The underlying mechanisms by which smoking induces cardiovascular diseases are largely unknown. The effect of smoking status on the cyclooxygenase (COX)-mediated inflammatory indicator prostaglandin F(2alpha) (PGF(2alpha)) has never been studied. Associations of cytokines and antioxidants and smoking status, have shown conflicting results. Urinary 15-keto-dihydro-PGF(2alpha) (a major metabolite of PGF(2alpha)), serum interleukin-6 (IL-6) and high sensitivity C-reactive protein (hsCRP), serum amyloid protein A (SAA), urinary 8-iso-PGF(2alpha) (an F(2)-isoprostane, indicator of oxidative stress), and serum alpha-tocopherol were quantified in a population-based sample (n = 642) of 77-year old men without diabetes. Fifty-five men were current smokers and 391 former smokers. Inflammatory indicators were increased in current smokers (15-keto-dihydro-PGF(2alpha), P < 0.001; IL-6, P = 0.01) than non-smokers. 8-iso-PGF(2alpha) was increased (P < 0.01) and alpha-tocopherol reduced (P < 0.001) in current smokers. Further, former smokers had increased formation of 15-keto-dihydro-PGF(2alpha), IL-6 and 8-iso-PGF(2alpha) compared non-smokers. This is the first study to show that smokers have increased PGF(2alpha) formation, thus enhanced COX-mediated inflammation, in addition to elevated levels of cytokines and isoprostanes. Subclinical COX- and cytokine-mediated inflammation and oxidative stress are ongoing processes not only in active smokers but also in former smokers which may contribute to the accelerated atherosclerosis associated with smoking.
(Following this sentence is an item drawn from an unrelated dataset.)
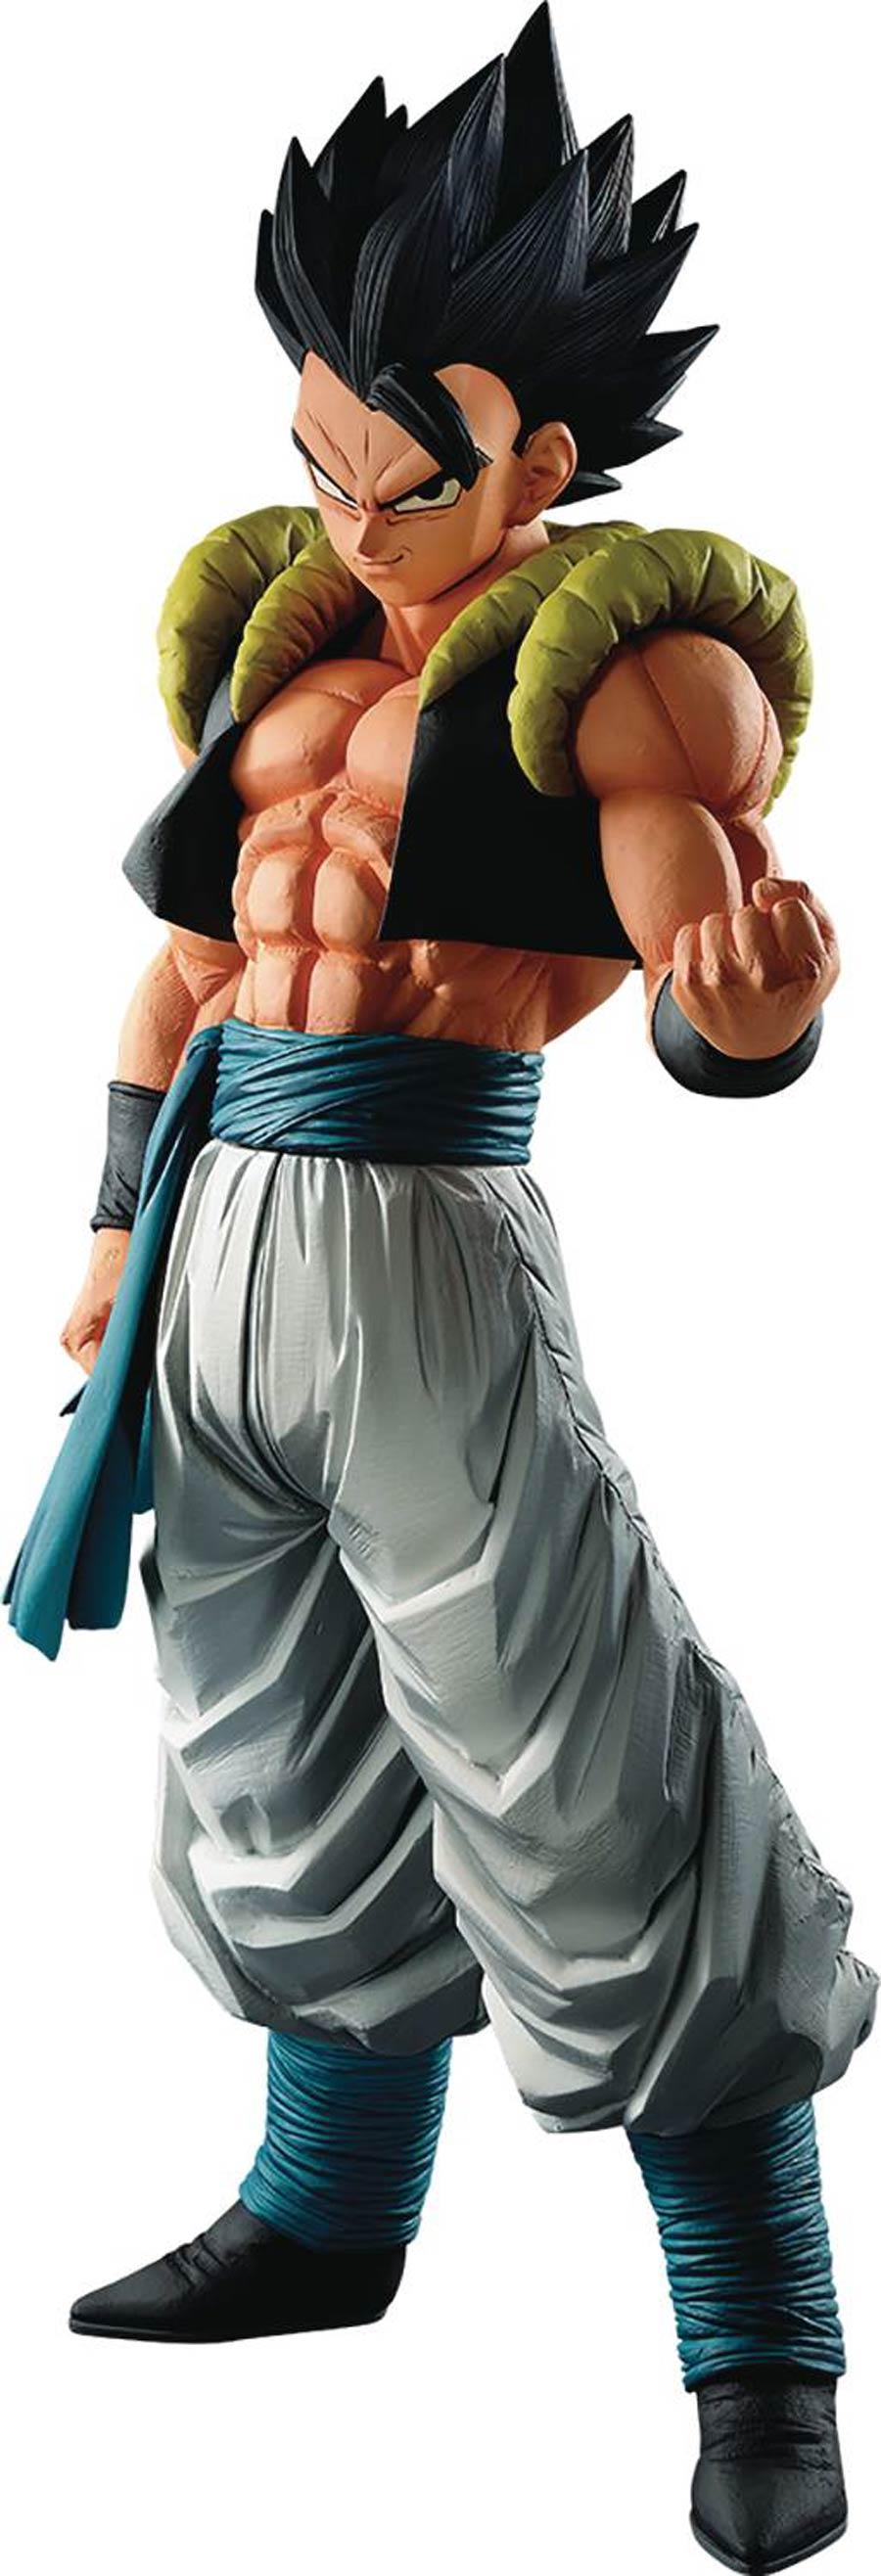 Dragon Ball Super Ichiban - Gogeta (Extreme Saiyan) Figure
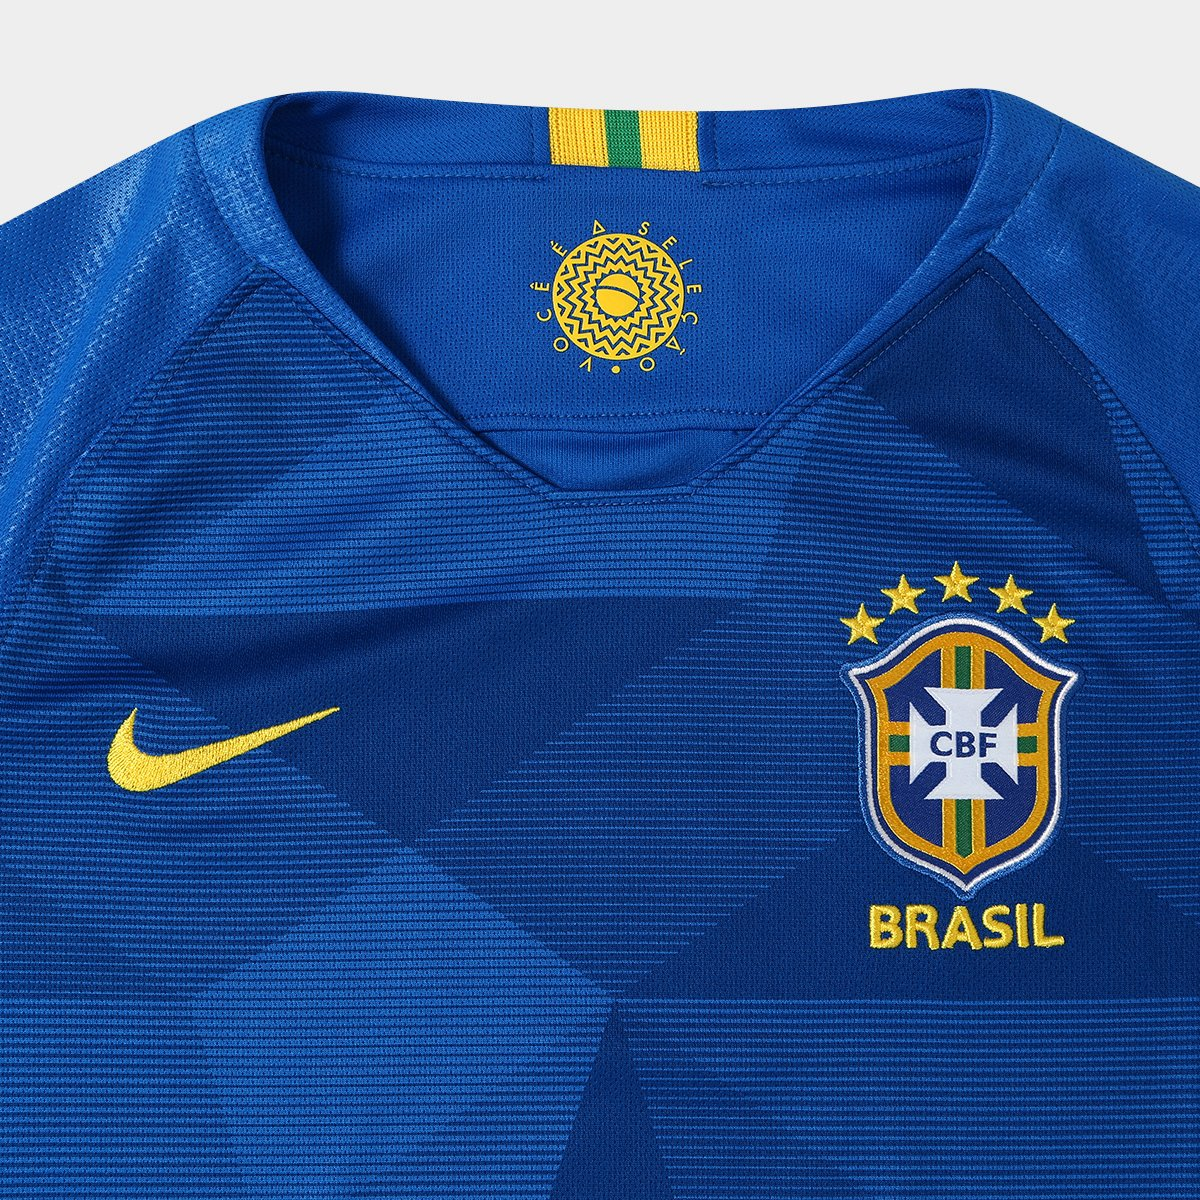 dc6983615f ... Nike Seleção Torcedor II Neymar Jr 2018 nº Camisa Azul Brasil Juvenil  10 ZgwxUgvTq ...

Cyclooxygenase-mediated prostaglandin F2alpha is decreased in an elderly population treated with low-dose aspirin.

Low-dose aspirin (acetylsalicylic acid) is used as prophylaxis against cardiovascular diseases. The effect of aspirin on inflammation and oxidative stress, processes known to be involved in cardiovascular diseases, are not fully known. The cyclooxygenase(COX)-mediated inflammatory indicator prostaglandin F2alpha (PGF2alpha) (15-keto-dihydro-PGF2alpha), cytokine-mediated inflammatory indicators (interleukin-6, high-sensitivity C-reactive protein, serum amyloid A protein), and oxidative stress indicators (8-iso-PGF2alpha, tocopherols) were quantified in men with daily 75 mg of aspirin (n=175) and control men (n=464), all of age 77, in a cross-sectional study. Men treated with aspirin had decreased levels of urinary 15-keto-dihydro-PGF2alpha than controls (P<0.01), independent of possible cardiovascular risk factors. Aspirin-treated men had increased levels of alpha-tocopherol than controls (P<0.05). This is the first study to indicate that low-dose aspirin treatment is associated with decreased levels of PGF2alpha. This observation suggests a possible COX-mediated anti-inflammatory effect of low-dose aspirin, which should be further confirmed by intervention studies.

Plasminogen activator inhibitor-1 and relations to fatty acid composition in the diet and in serum cholesterol esters.

High plasminogen activator inhibitor (PAI)-1 levels and poor dietary fat quality are potential risk factors for cardiovascular disease. The aim was to investigate the cross-sectional associations between PAI-1 activity and dietary nutrient intake, focusing on fat quality, in a population-based study of 871 men aged 70 years. The relationship between PAI-1 and the fatty acid composition in serum cholesterol esters (n=381 men) was also studied. The estimated total fat intake was positively associated with PAI-1 activity. The intake of both monounsaturated and polyunsaturated fatty acids was positively associated with PAI-1 activity, whereas the intake of saturated fatty acids was not. In serum cholesterol esters, higher proportions of palmitoleic and dihomo-gamma-linolenic acid, a lower proportion of linoleic acid, and reduced estimated Delta5-desaturase activity were associated with higher PAI-1 levels. These associations were confounded by factors representing the insulin resistance syndrome. PAI-1 activity was positively associated with gamma-linolenic and arachidonic acid, independent of potential confounders. In conclusion, this study demonstrates that dietary intake of unsaturated fatty acids is positively associated with PAI-1 activity, whereas intake of saturated fatty acids is not. The associations present between PAI-1 activity and the fatty acid proportions in serum cholesterol esters are partly influenced by metabolic syndrome-related factors.